What is needed — Quote the entries below from the line with "福井有数のそば産地である越前" through the line with "Арно Тимошкин, на", both ends included, and only those lines.

Given records —
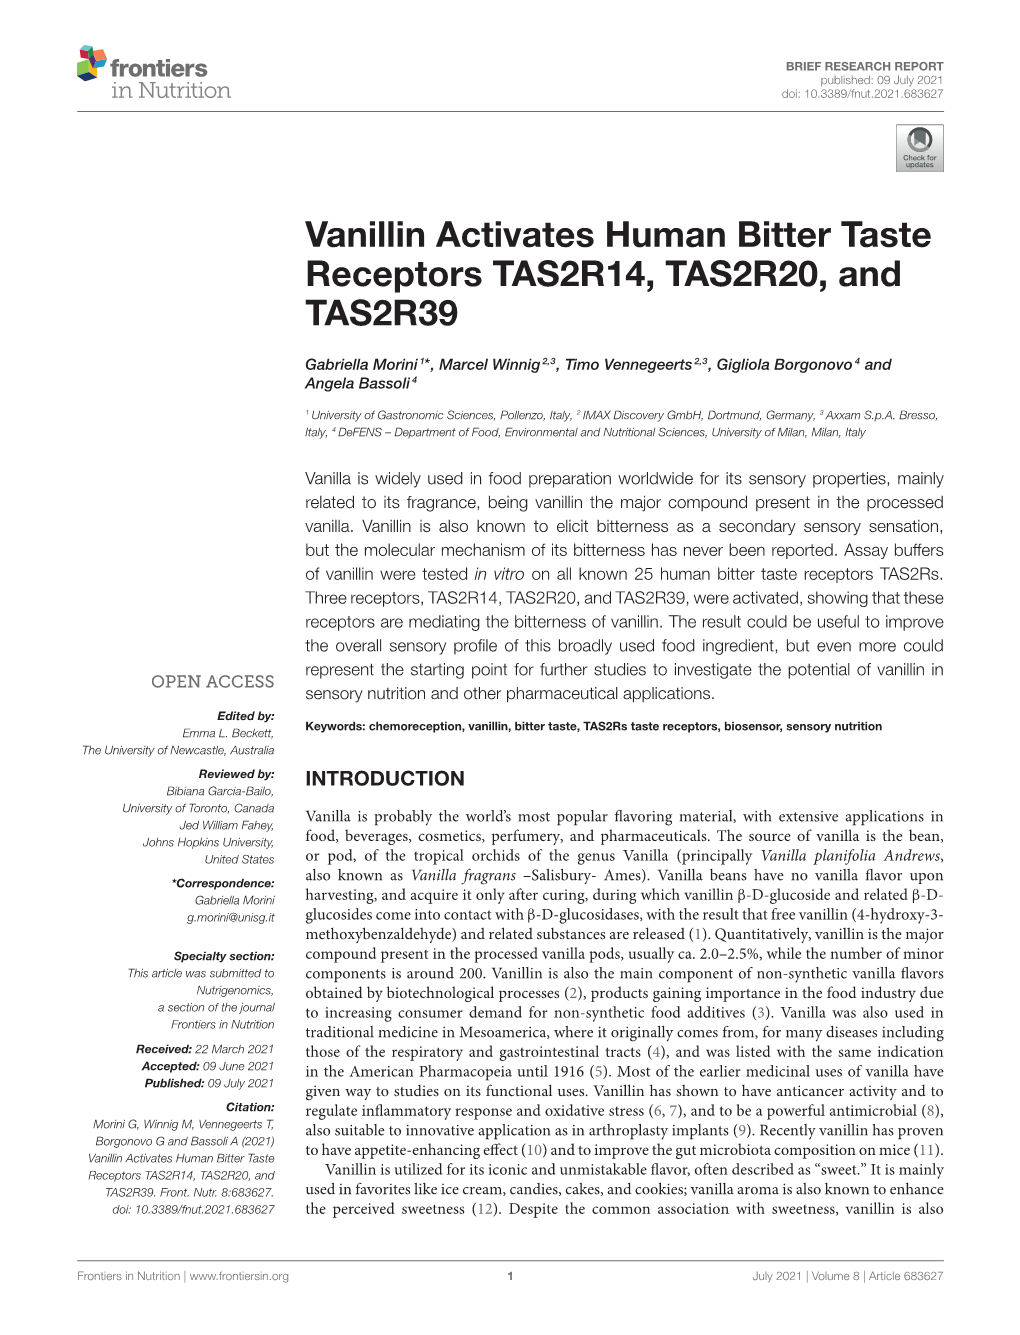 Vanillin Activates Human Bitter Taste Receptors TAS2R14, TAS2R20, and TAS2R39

---

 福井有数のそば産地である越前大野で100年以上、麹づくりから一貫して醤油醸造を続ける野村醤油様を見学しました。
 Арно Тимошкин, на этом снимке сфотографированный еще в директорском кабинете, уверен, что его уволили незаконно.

--

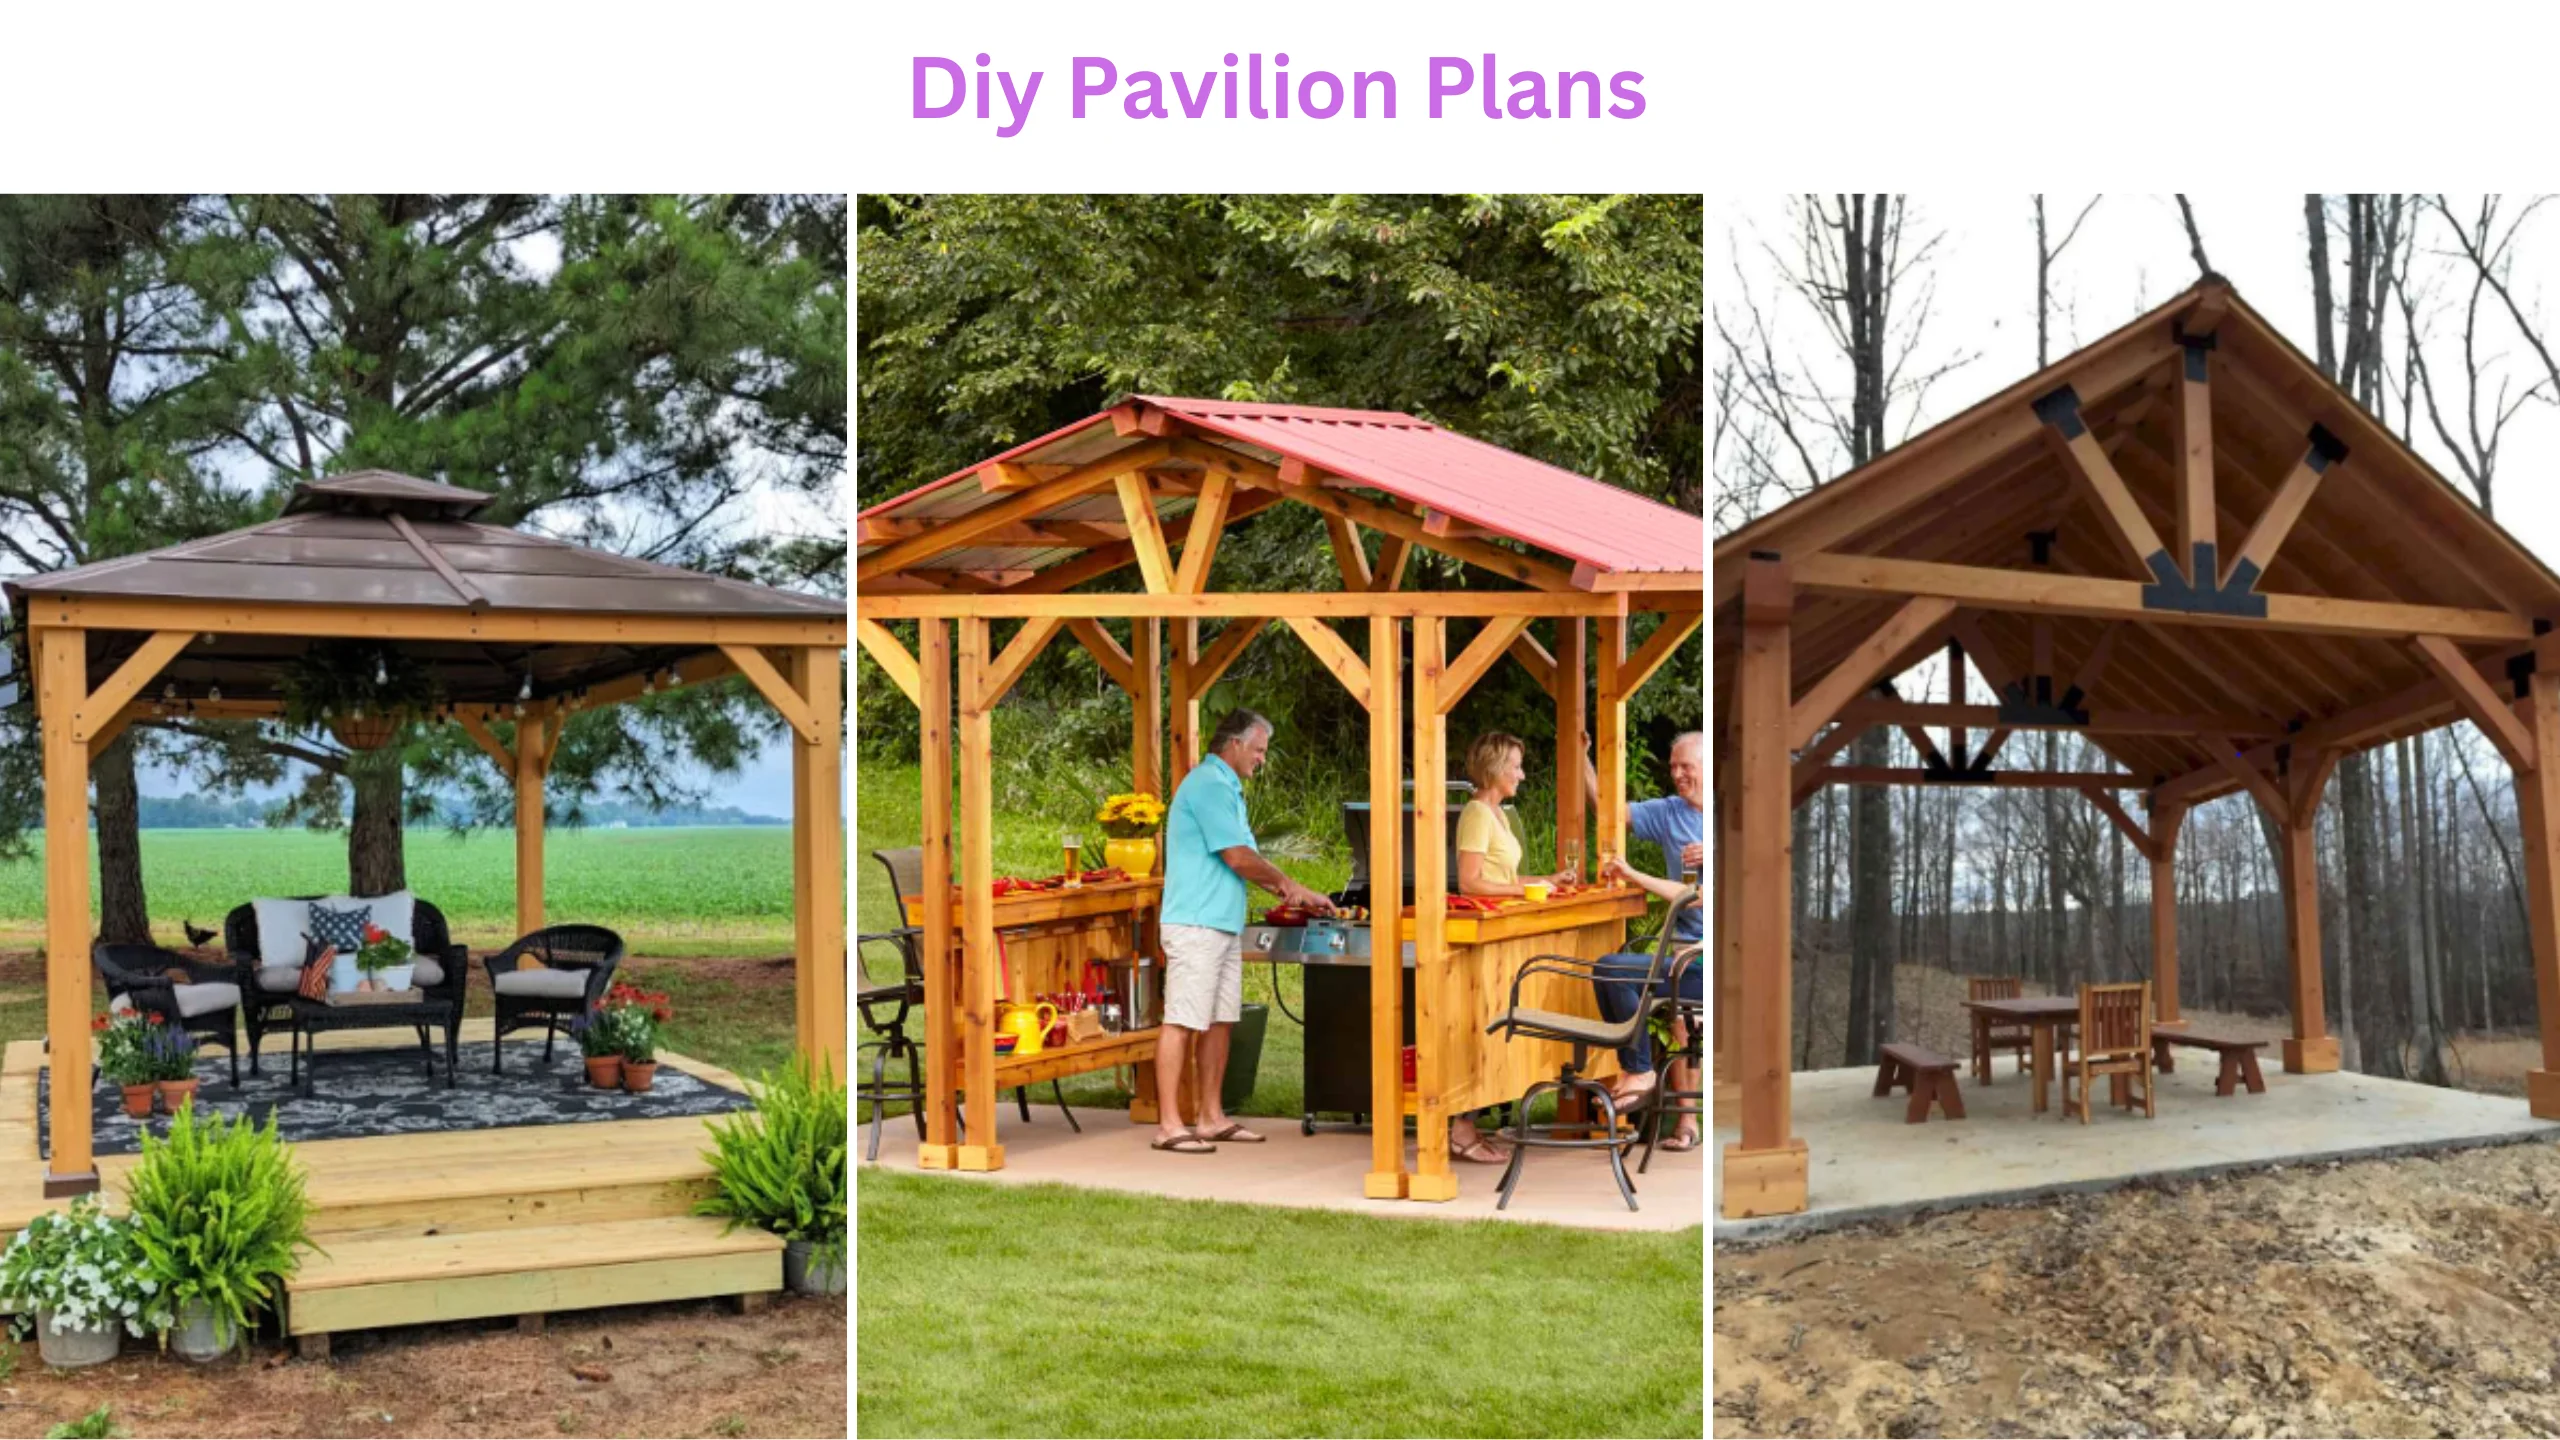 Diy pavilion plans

Written response —
 福井有数のそば産地である越前大野で100年以上、麹づくりから一貫して醤油醸造を続ける野村醤油様を見学しました。
 Арно Тимошкин, на этом снимке сфотографированный еще в директорском кабинете, уверен, что его уволили незаконно.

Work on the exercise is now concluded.